Dhakira Talbot, the boy’s mother, said she was disappointed with how the situation was handled — and that her son should not have been arrested.

“My son has never been through anything like this,” she said. “I feel like this should’ve been handled differently. If any disciplinary action should’ve been taken, it should’ve been with the school. He shouldn’t have been arrested.”

To Talbot’s point, the situation is emblematic of what criminal justice reform advocates have called the “school-to-prison pipeline.” Discipline that in the past would have likely involved just a school, the student, and the student’s parents increasingly also involves law enforcement — leading to consequences not just within the school but with the criminal justice system as well. This can lead to lasting damage, not just through a juvenile or criminal record but by also taking students out of school (which can heighten the risk of criminal activity).

In this case, the student was charged with what amounts to disrupting a class. Maybe the kid was out of line. But should he have been arrested and charged for being disruptive, or would school discipline — maybe even just detention or a reprimand — have been enough (if discipline was really necessary)?

For critics of the school-to-prison pipeline, it’s the increasing reliance on the criminal justice system that’s troubling. They claim the growing use of law enforcement in these situations causes far more harm than good.

There’s evidence of a growing, racially disparate school-to-prison pipeline

Over the past few decades, as lawmakers passed “tough on crime” policies, that mentality has trickled down to schools across the nation. As a result, schools began to outsource more and more discipline to law enforcement. School disturbance laws like Florida’s, which more than 20 states have, reflect that: Whereas a teacher would have had to find a way to deal with a disturbance on her own before, she can now call on police or the criminal justice system to do the job.

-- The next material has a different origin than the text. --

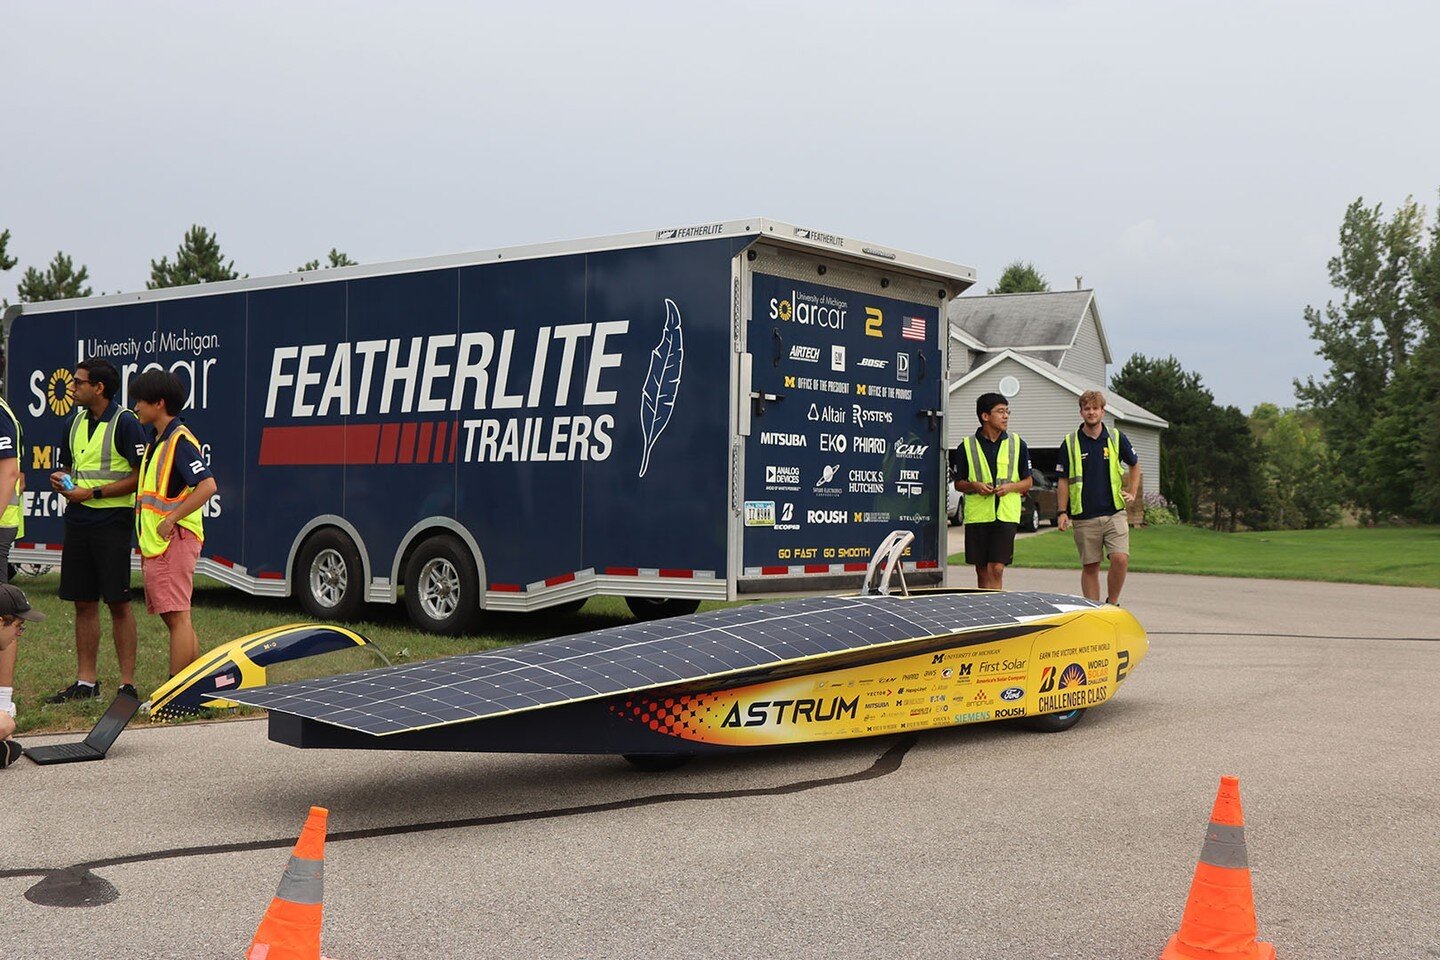 Meet our trailer, Astrum&rsquo;s stylish go to mode of transportation when not racing. Our Featherlite trailer is lightweight and extremely durable allowing us to securely strap in Astrum and bring the solar car from one event to the next. Thank you

The result has been a school-to-prison pipeline that acts as many kids’ first exposure to the criminal justice system — and it can lead to more interactions with the justice system later on, because the lost school time and bad marks on kids’ records can make it much more difficult to get ahead.

According to some research, just having a police officer on school grounds can lead to higher exposure to the criminal justice system and punitive policies. A report from the Justice Policy Institute found schools with school resource officers have nearly five times the rate of arrests for disorderly conduct as schools without officers, even though the prevalence of law enforcement in schools has little relationship to reported crime rates.

A report from the Justice Policy Institute found schools with school resource officers had nearly five times the rate of arrests for disorderly conduct as schools without school resource officers, even though the prevalence of school resource officers in Justice Policy Institute

Exposure to the school-to-prison pipeline is also unequal by race and income. A study published in Sociology of Education of more than 60,000 schools found that schools with relatively larger minority and poor populations are more likely to implement criminalized disciplinary policies — such as suspensions, expulsions, police referrals, and arrests — and less likely to treat students by, say, connecting them to psychological or behavioral care.

Federal investigations and reports have similarly found that black students are punished more harshly than white students in schools, even when black and white students engage in identical or similar behavior.

The result is a pipeline that not only shuffles more students from school to prison but affects black students in particular.